Is there any way I can try the appliance out before the operation? 

Yes. The nurse can help you try out the appliance. She can apply it and put water in the pouch to simulate the weight of the urine. You can dress yourself and try doing some of your normal activities. This trial is a good way to eliminate your own anxieties about wearing the appliance. Keep in mind that there are many different types of appliances and many different solutions. You may need to try several before you find one that suits you.

How often should the appliance be emptied? 

About every 2 hours.

What happens to the appliance during sleep? 

Usually during sleep the appliance is connected to drainage tubing attached to a bottle placed on the floor beside the bed. Running the tubing under the leg allows greater freedom of movement. Most patients find they can sleep in any position once they are accustomed to wearing their appliances.

Does the urine look the same as before? 

It does not look exactly the same as urine from the bladder, since the conduit through which it passes is made from a segment of the small intestine, which secretes mucus. This mucous membrane is sensitive, and urination can cause mucus as well as slight amounts of blood to appear in the urine. Check with your doctor if there are changes in the consistency or color of the urine or a decrease in the amount of drainage.

Should I get a spare appliance? 

Yes. It is a good idea to have one to wear and one to keep ready for use. This ensures that the one to be applied will be well dried and aired. You'll find you need a new appliance about every 6 months.

Can I bathe and shower as usual? 

Yes. You can bathe and shower with or without the appliance. If the stoma seems irritated, remove the appliance and soak yourself in a tub of warm water.

How does a cystectomy affect a man's ability to function sexually?

It depends upon the extent of the operation. Sometimes sexual function may be impaired even though the penis is left intact. You should discuss this point with your doctor before he performs the operation so that you will know how extensive the surgery will be.

Are women still able to function sexually? 

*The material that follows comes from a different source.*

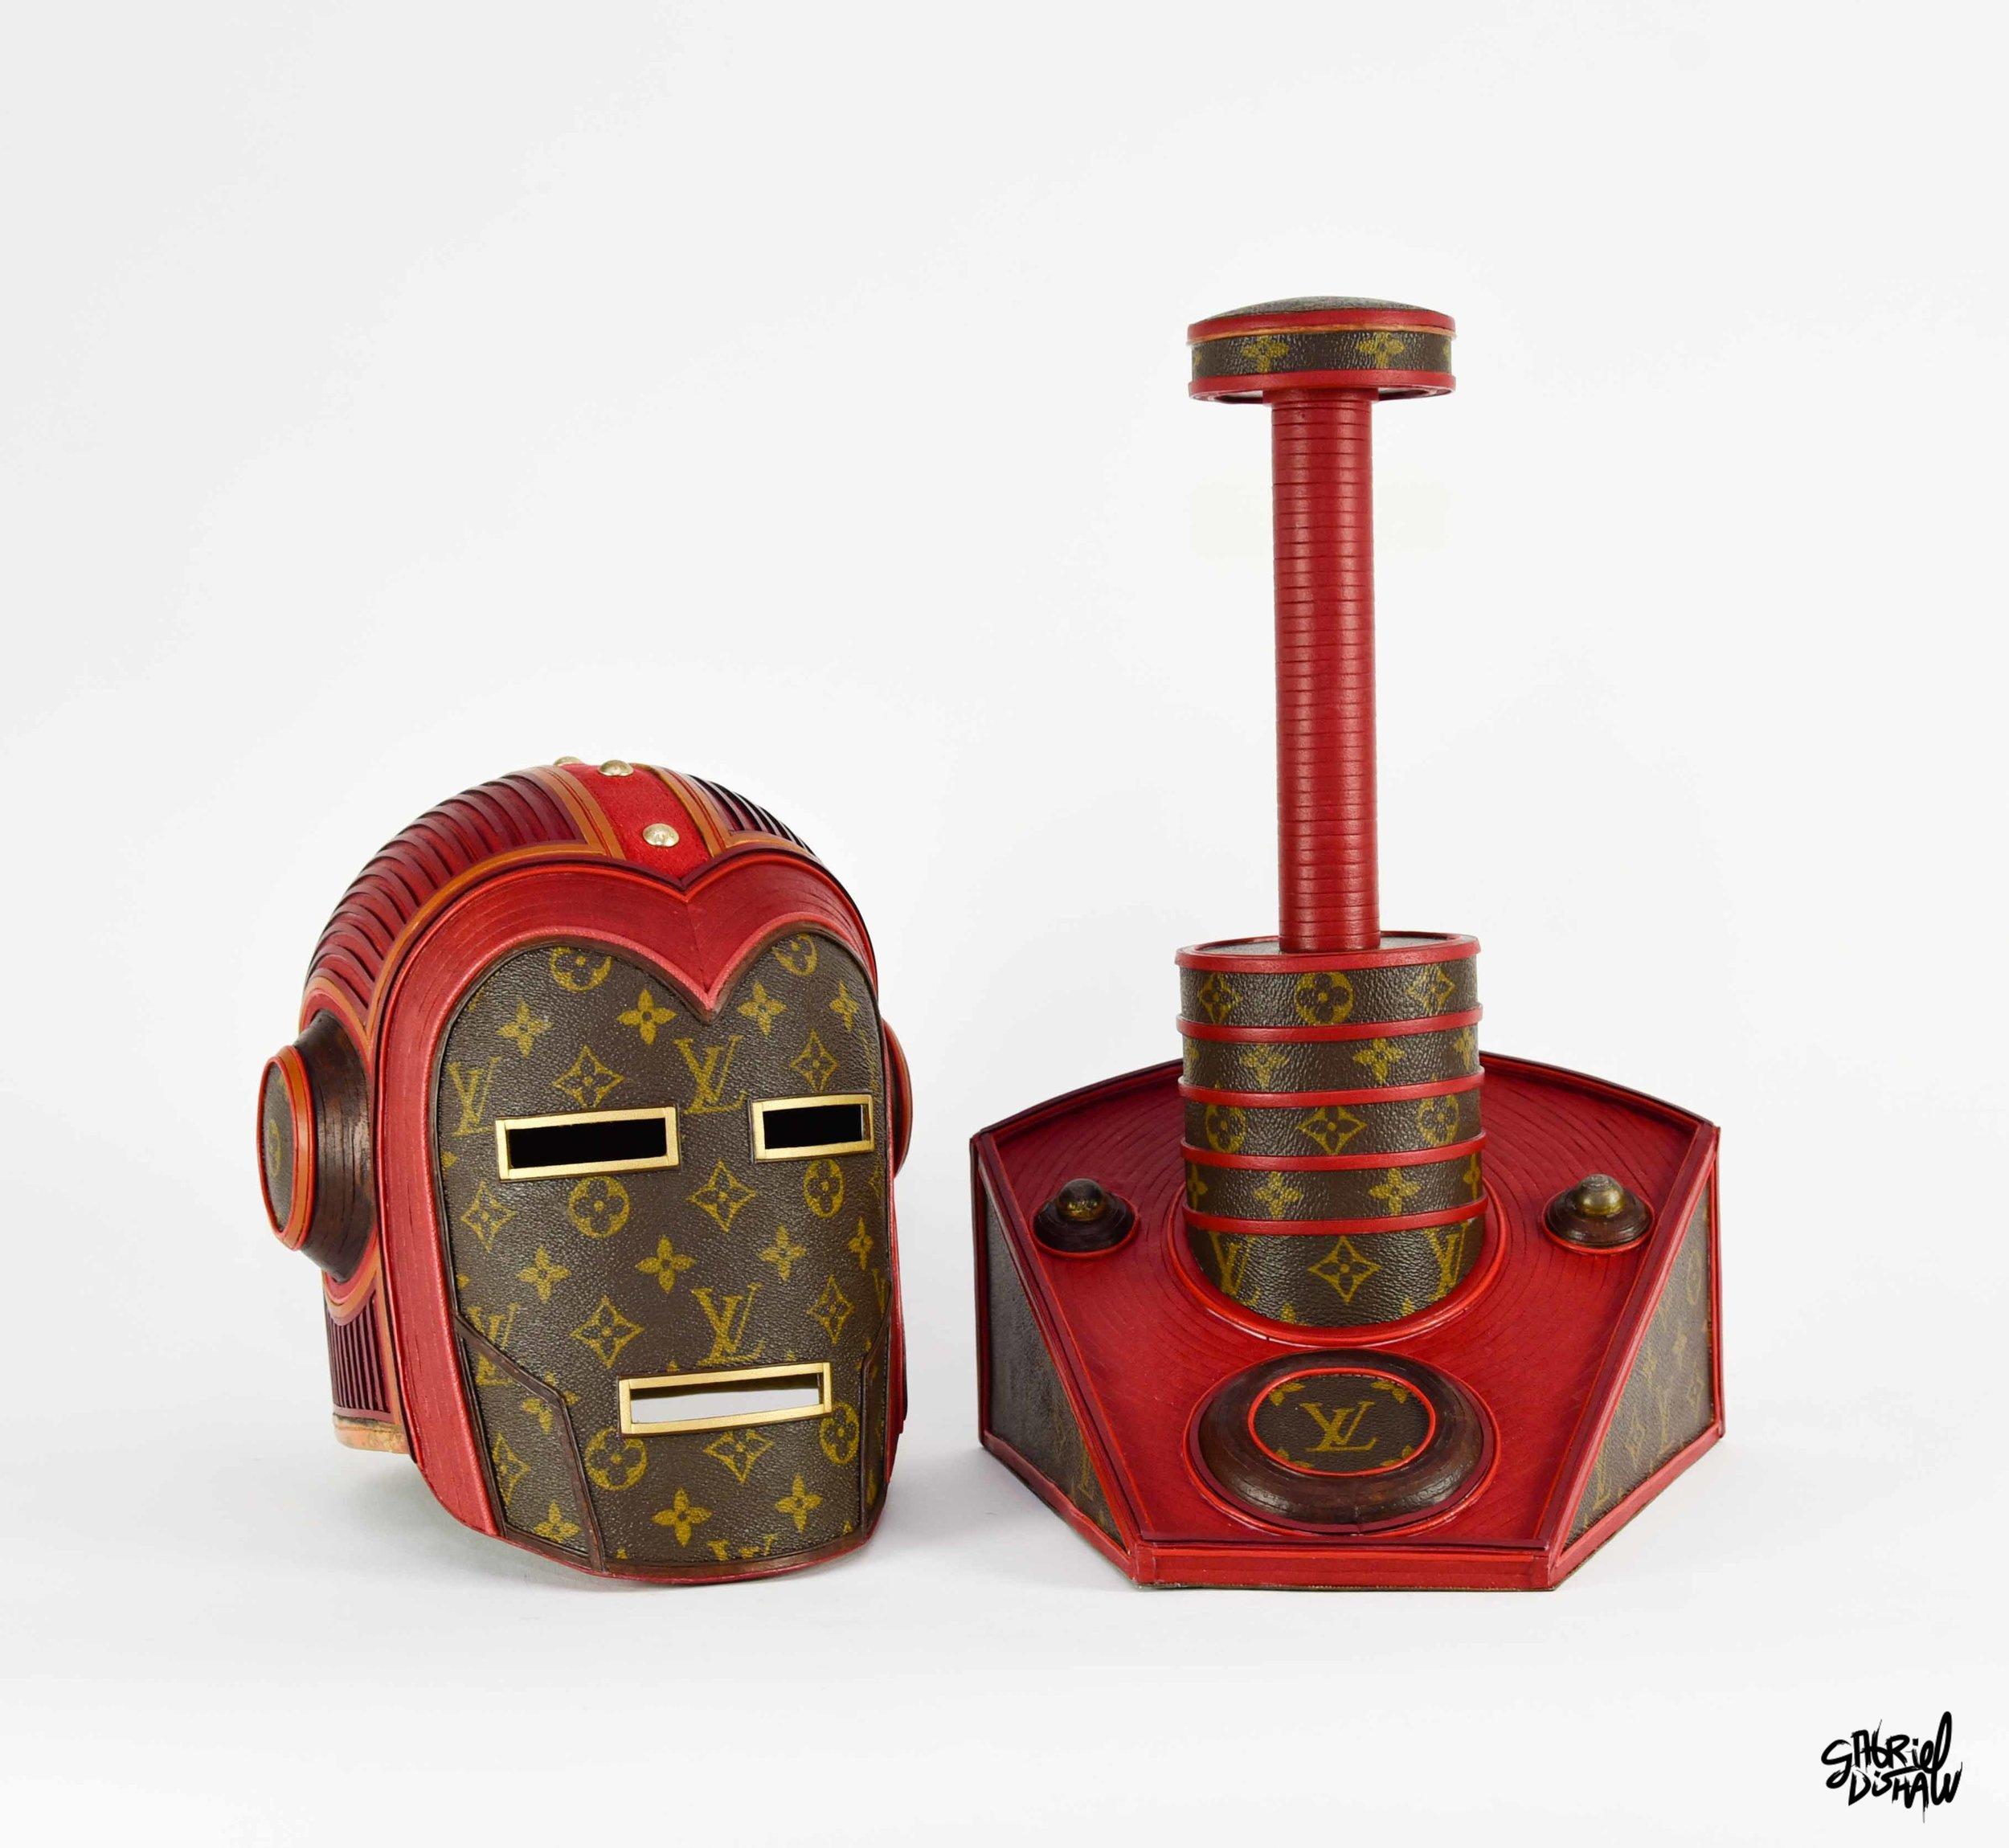 Gabriel Dishaw Vintage Iron Man LV-0228.jpg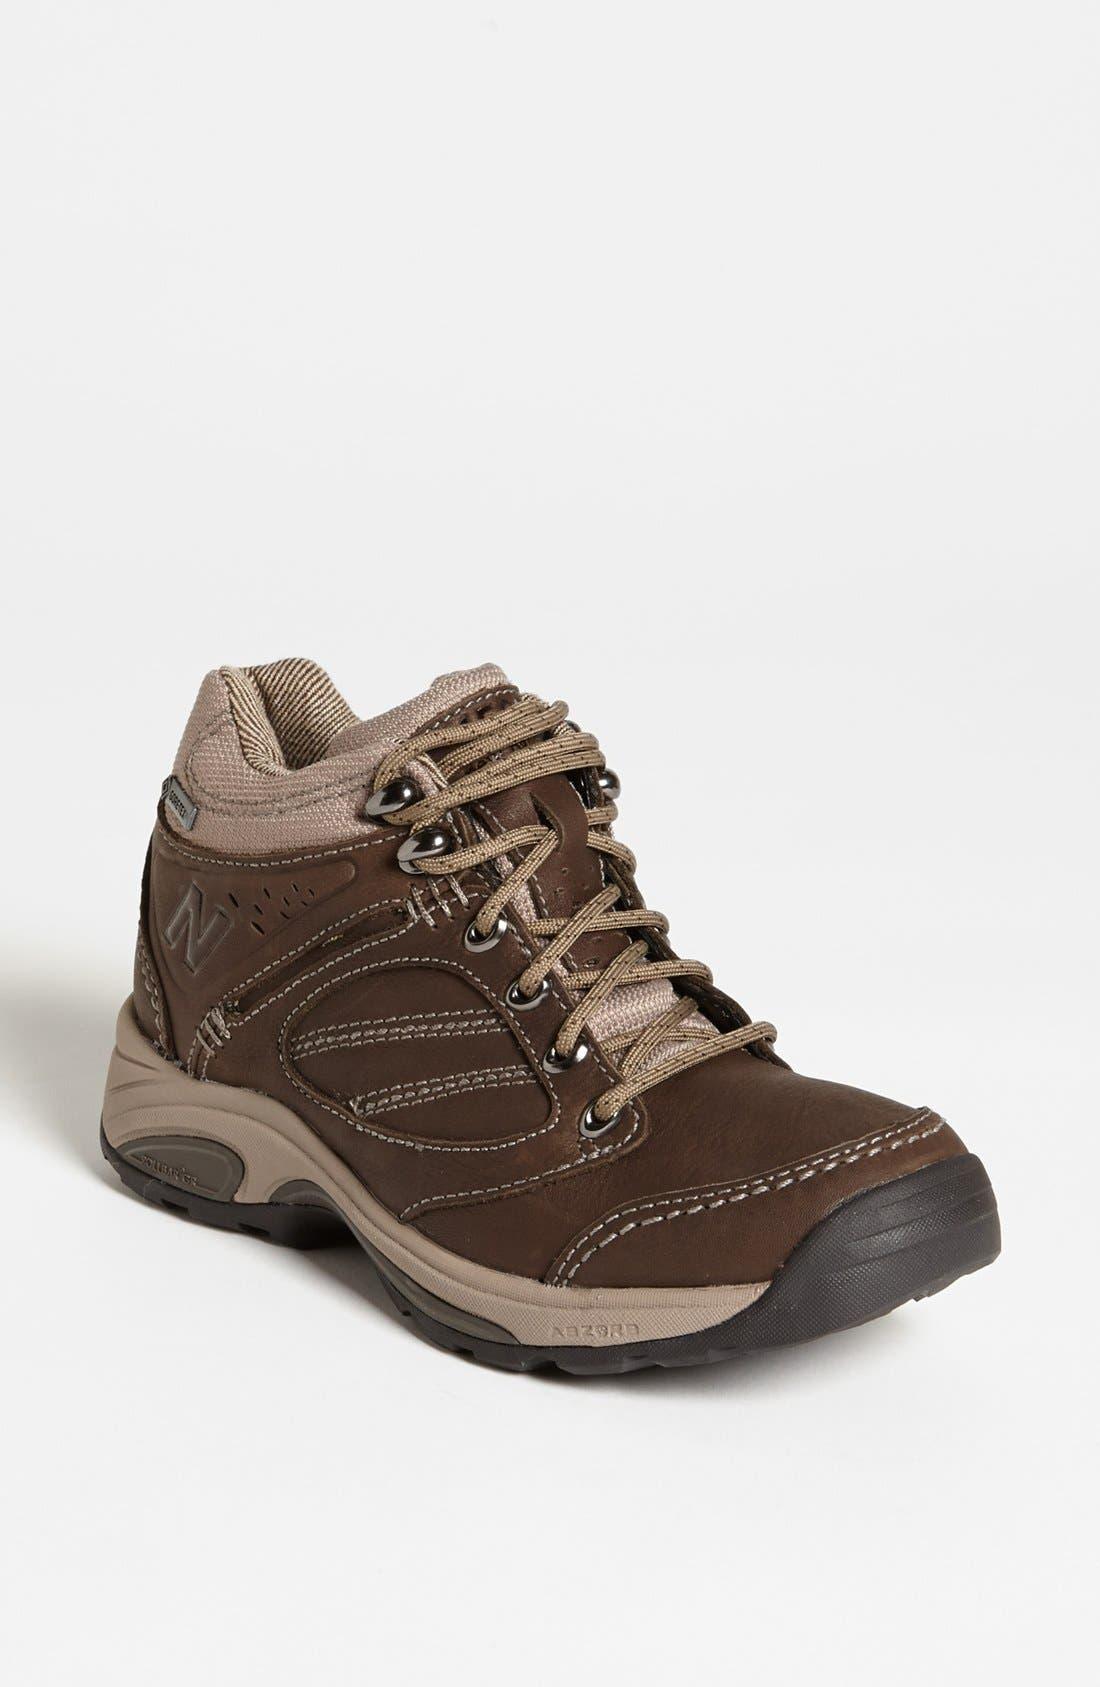 Alternate Image 1 Selected - New Balance '1569' Walking Shoe (Women)

Sexual activity may be possible, but it could be impaired if a portion of the vagina is removed. Again, this is a topic which you should discuss with your doctor before the operation is performed.

Is it usual for a patient to be depressed after this kind of operation? 

It is not unusual to feel depressed. As a result of the depression, the patient's attention span may be short, and he or she may have difficulty in concentrating and be irritable. It is important for the family and friends to realize that this is a temporary but normal feeling. An inability to cope with the new way the body functions may reinforce the thought that the person may never be able to cope with anything again. The depression is usually short lived and subsides when the patient finds that family and friends accept him or her and that he or she can return to a normal way of life.